After locating the line that contains "Material: Leather" in the material below, copy that line and each one following it, exactly, up to the last line. Pictures stay out.

*** DATA EXTRACTS ***

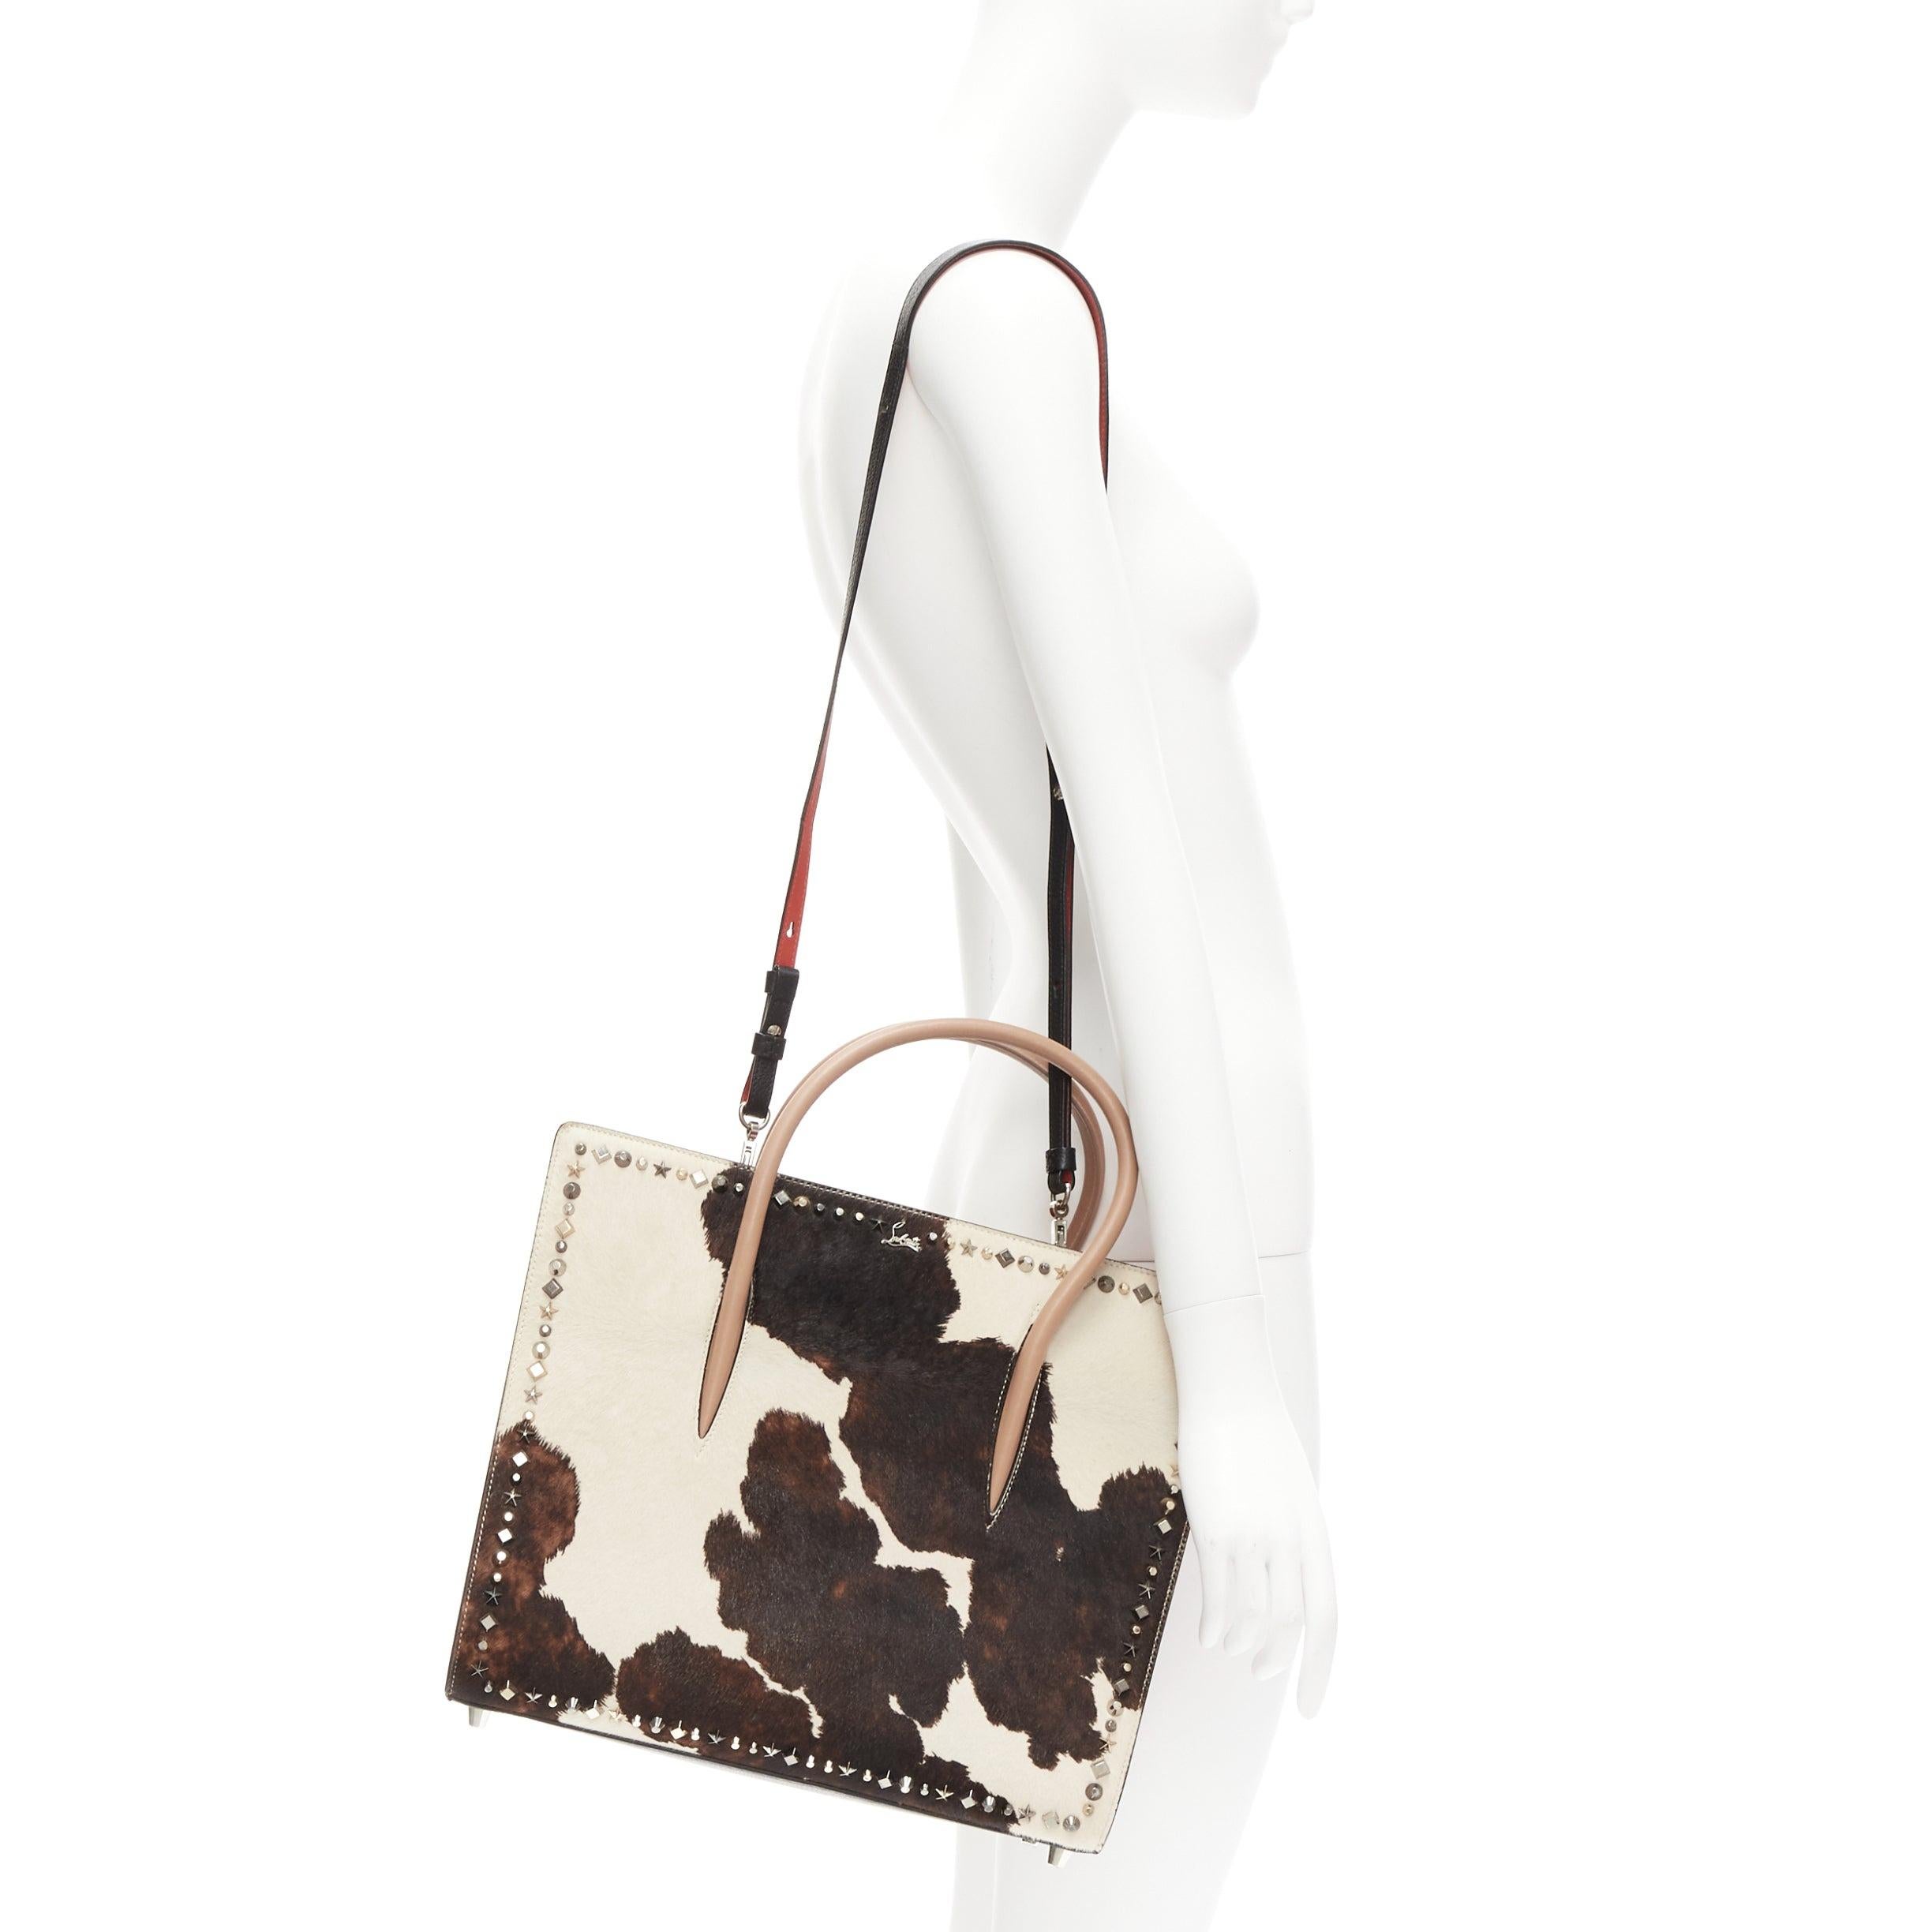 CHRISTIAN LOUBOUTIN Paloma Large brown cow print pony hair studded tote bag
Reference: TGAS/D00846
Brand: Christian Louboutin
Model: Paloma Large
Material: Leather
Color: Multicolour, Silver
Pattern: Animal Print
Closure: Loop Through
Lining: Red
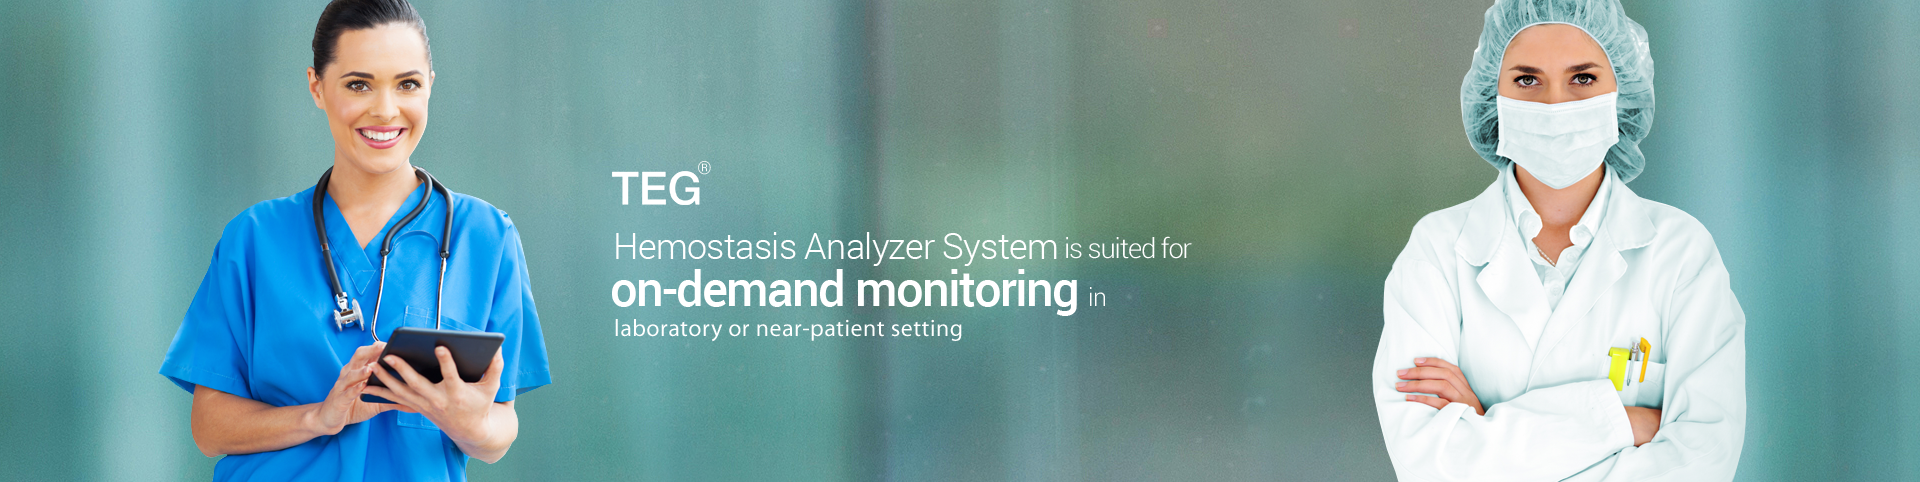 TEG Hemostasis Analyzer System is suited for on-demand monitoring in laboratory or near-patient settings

*** End of DATA EXTRACTS ***

*RESULT OF THE EXERCISE:*
Material: Leather
Color: Multicolour, Silver
Pattern: Animal Print
Closure: Loop Through
Lining: Red
 TEG Hemostasis Analyzer System is suited for on-demand monitoring in laboratory or near-patient settings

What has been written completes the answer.